No previous knowledge in statistics is needed. Some Python experience will be needed if you want to use Jupyter Notebooks. You will need a PC for the hands-on exercises.
DI-02 Data Science and Machine Learning
The first day of this 3-day classroom training gives and overview, while the next two days are hands-on. The course is suitable for anyone (engineers, programmers) interested in learning more about data science and machine learning and in gaining hands-on experience.
Day 1 of the course is lecture-based - no programming experience is required. Topics covered are: business understanding (how to set up and start data science projects), a workflow for data science projects, data preparation, regression, classification, model evaluation, clustering and big data.

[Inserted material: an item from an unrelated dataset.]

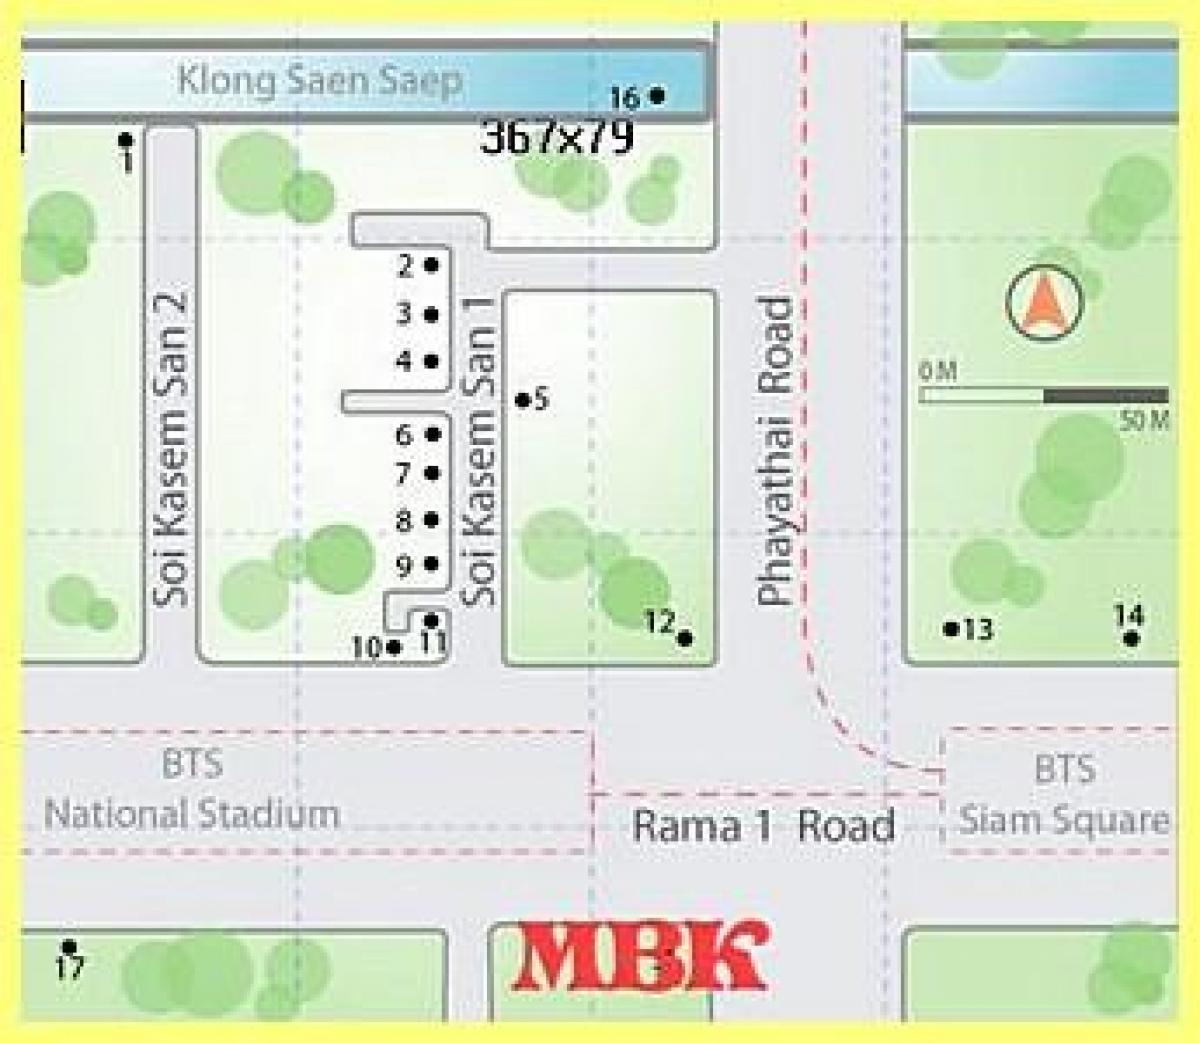 mbk shopping mall in bangkok map

Days 2 and 3 go in-depth into the same topics, plus provide hands-on experience with common data science and machine learning tools: Orange ML, Jupyter Notebooks and scikit-learn. You can choose which tool to focus on, depending on Python skills.
On completion of the course you will have:
- Better understanding of what is meant by data science and machine learning, and their value
- Ideas about which types of problems in your own work are candidates for data science and machine learning
- Experience in using the tools to get started
- A basis for communicating in a meaningful way with others in the field
- An understanding of machine learning as an analytic approach and not as a 'magical black-box hype'
- Tips on some machine learning pitfalls to avoid
- Introduction to analytics tools available and familiarization with some of them
The course is most suitable for those who are somehow working with data on a regular basis and would benefit from getting insights and motivation to what that data potentially could be used for.
The first day of the course is useful also for non-technical staff or management who wants to get insight into what machine learning is.